Unless the Company has paid all accrued and payable interest on the Junior Subordinated Notes, it will not and its Subsidiaries shall not do any of the following:
• | declare or pay any dividends or distributions, or redeem, purchase, acquire, or make a liquidation payment on any of the Company’s capital stock; |
• | make any payment of principal of or interest or premium, if any, on or repay, repurchase or redeem any of its debt securities that rank on a parity with or junior to the Junior Subordinated Notes (including debt securities of other series issued under the Base Indenture); or |
• | make any guarantee payments on any guarantee of debt securities if the guarantee ranks on a parity with or junior to the Junior Subordinated Notes. |
However, at any time, including during an Optional Deferral Period, the Company may:
• | pay stock dividends or distributions in additional shares of its capital stock; |
• | declare or pay a dividend in connection with the implementation of a shareholders’ rights plan, or issue stock under such a plan or repurchase such rights; and |
• | purchase common stock for issuance pursuant to any employee benefit plans or dividend reinvestment and direct stock purchase plans. |
4.2 Notice of Extension.

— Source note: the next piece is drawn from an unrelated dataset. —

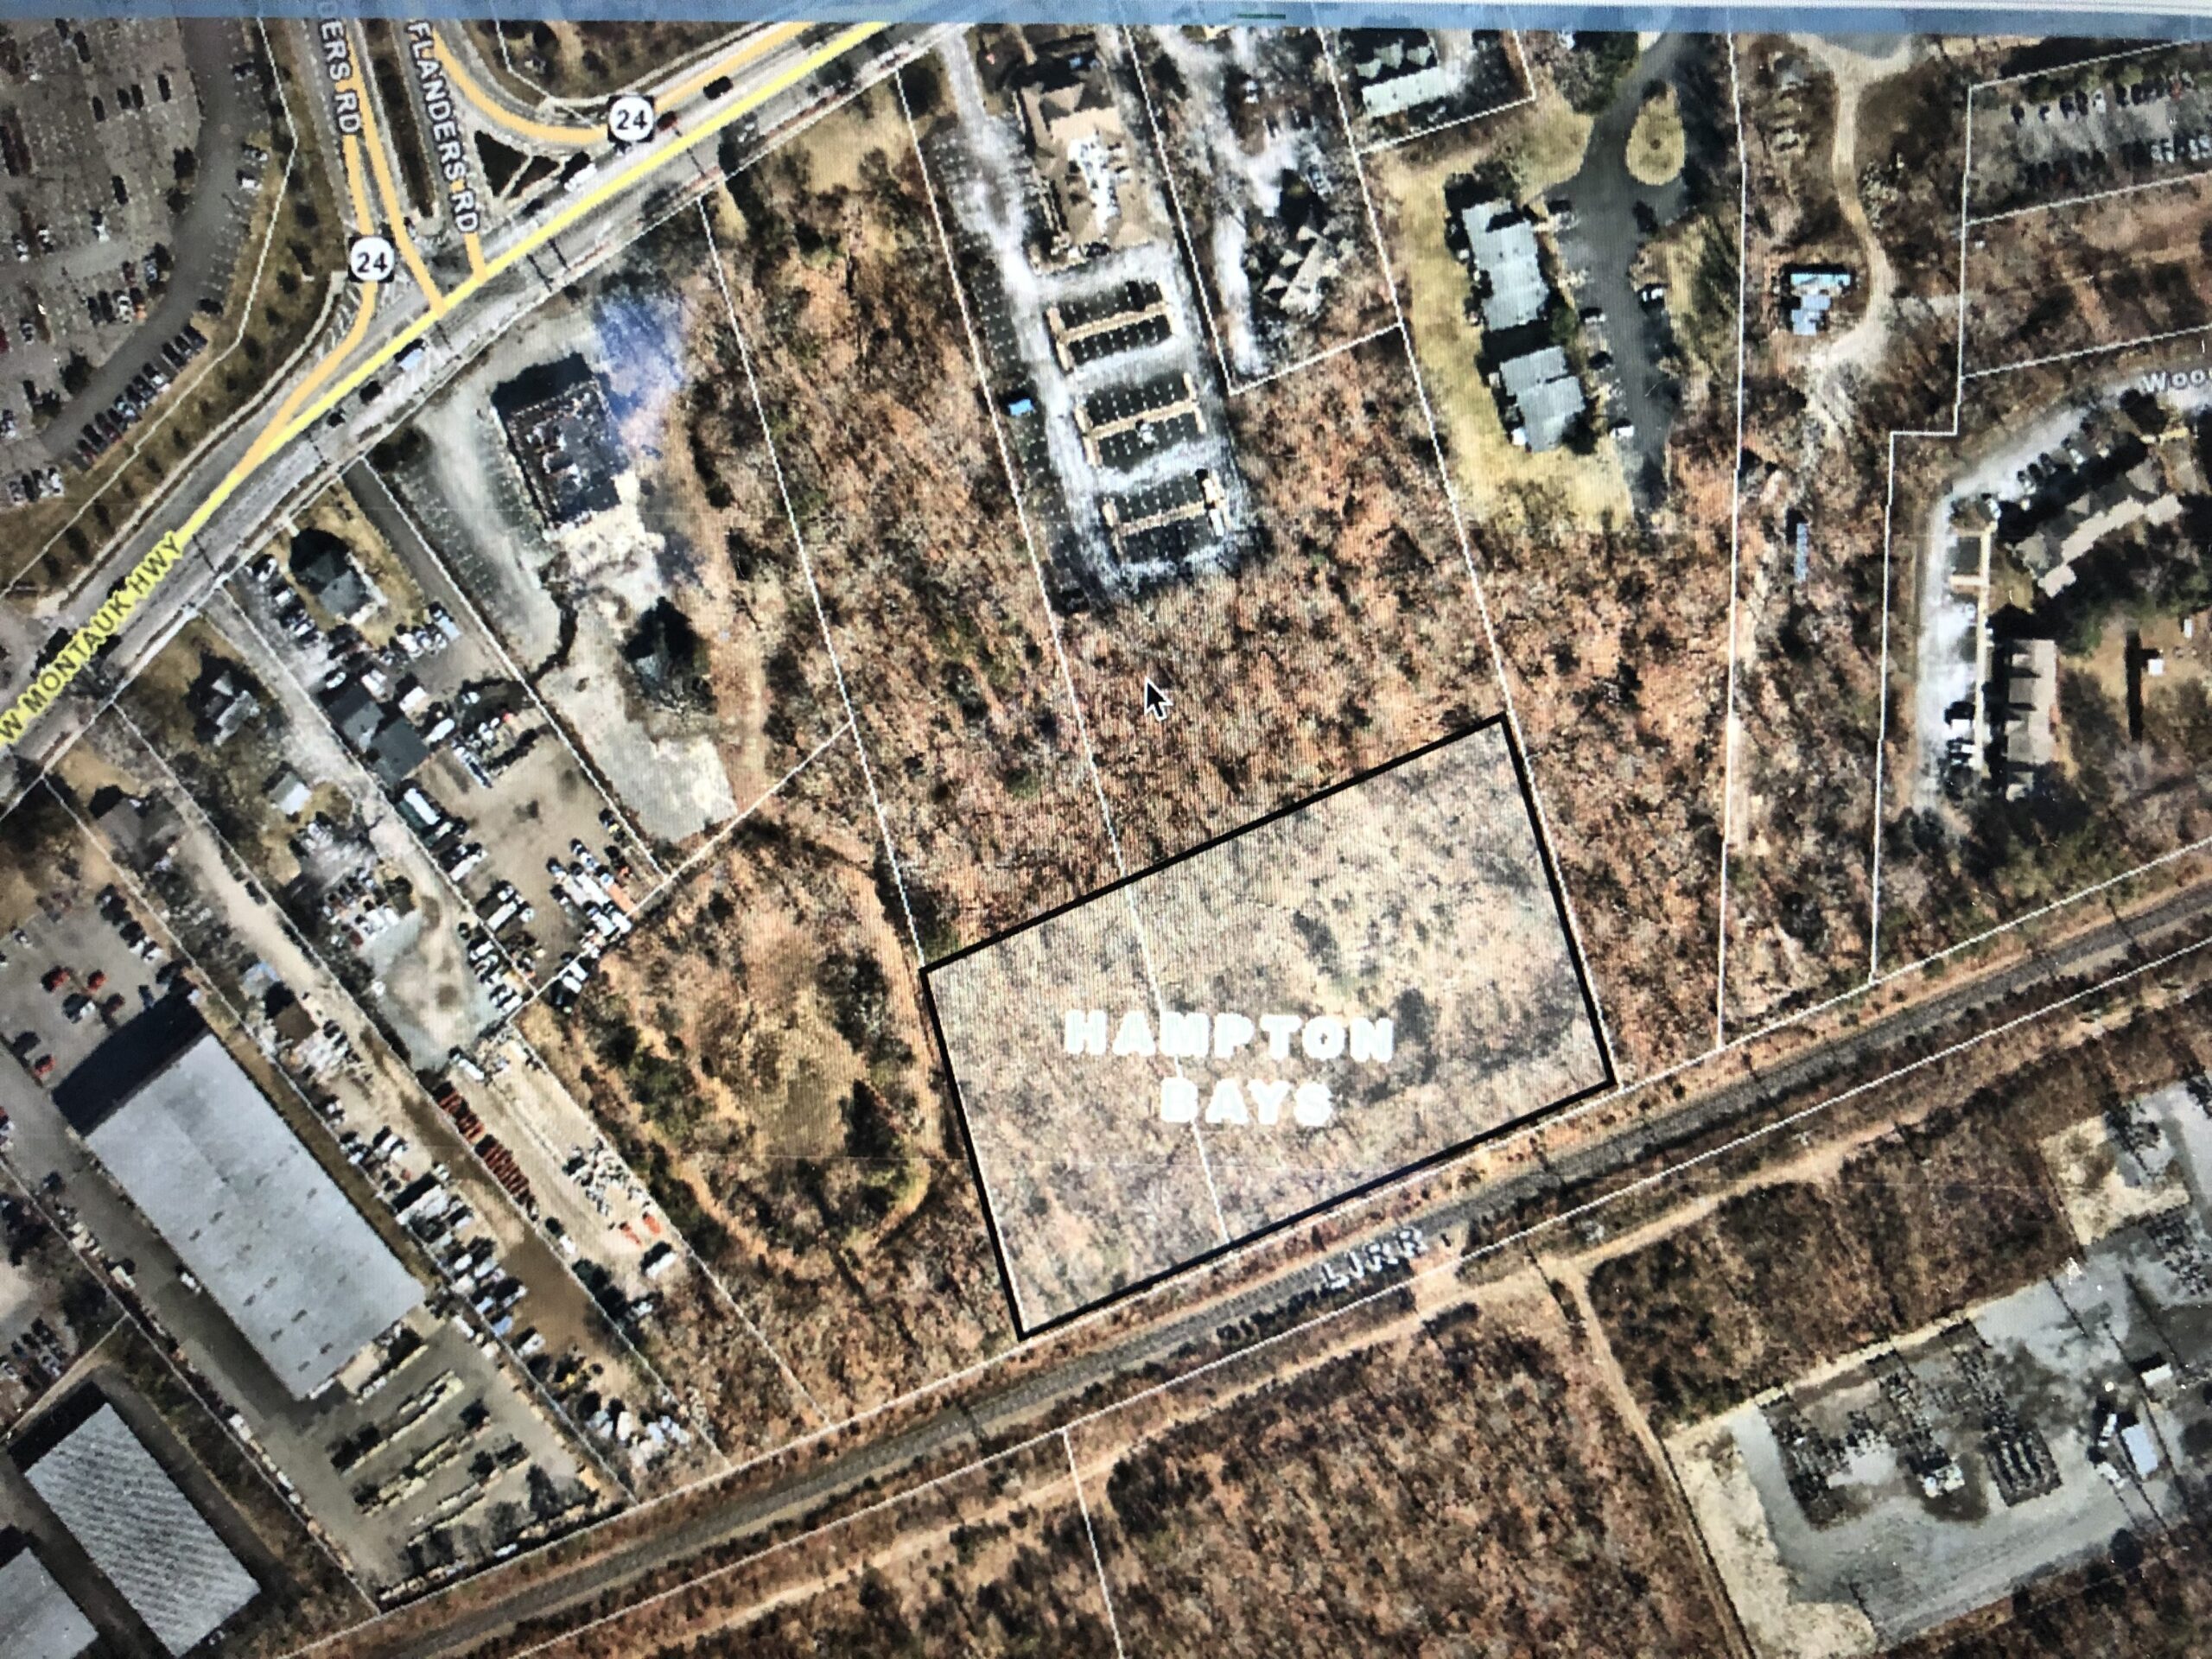 An alternate site for a sewage treatment plant to service downtown Hampton Bays  outlined on a map sent by Supervisor Jay Schneiderman.

The Company shall give the Trustee written notice of any optional deferral of interest at least 10 Business Days and not more than 60 Business Days prior to the applicable Interest Payment Date. The Trustee shall forward such notice promptly to each holder of record of Junior Subordinated Notes.
ARTICLE V
EXPENSES
5.1 Payment of Expenses. In connection with the offering, sale and issuance of the Junior Subordinated Notes, the Company shall:
(a) pay all costs and expenses relating to the offering, sale and issuance of the Junior Subordinated Notes, including commissions to the Underwriters payable pursuant to the Underwriting Agreement and compensation of the Trustee under the Indenture in accordance with the provisions of Section 7.6 of the Base Indenture; and
(b) be primarily liable for any indemnification obligations arising with respect to the Underwriting Agreement.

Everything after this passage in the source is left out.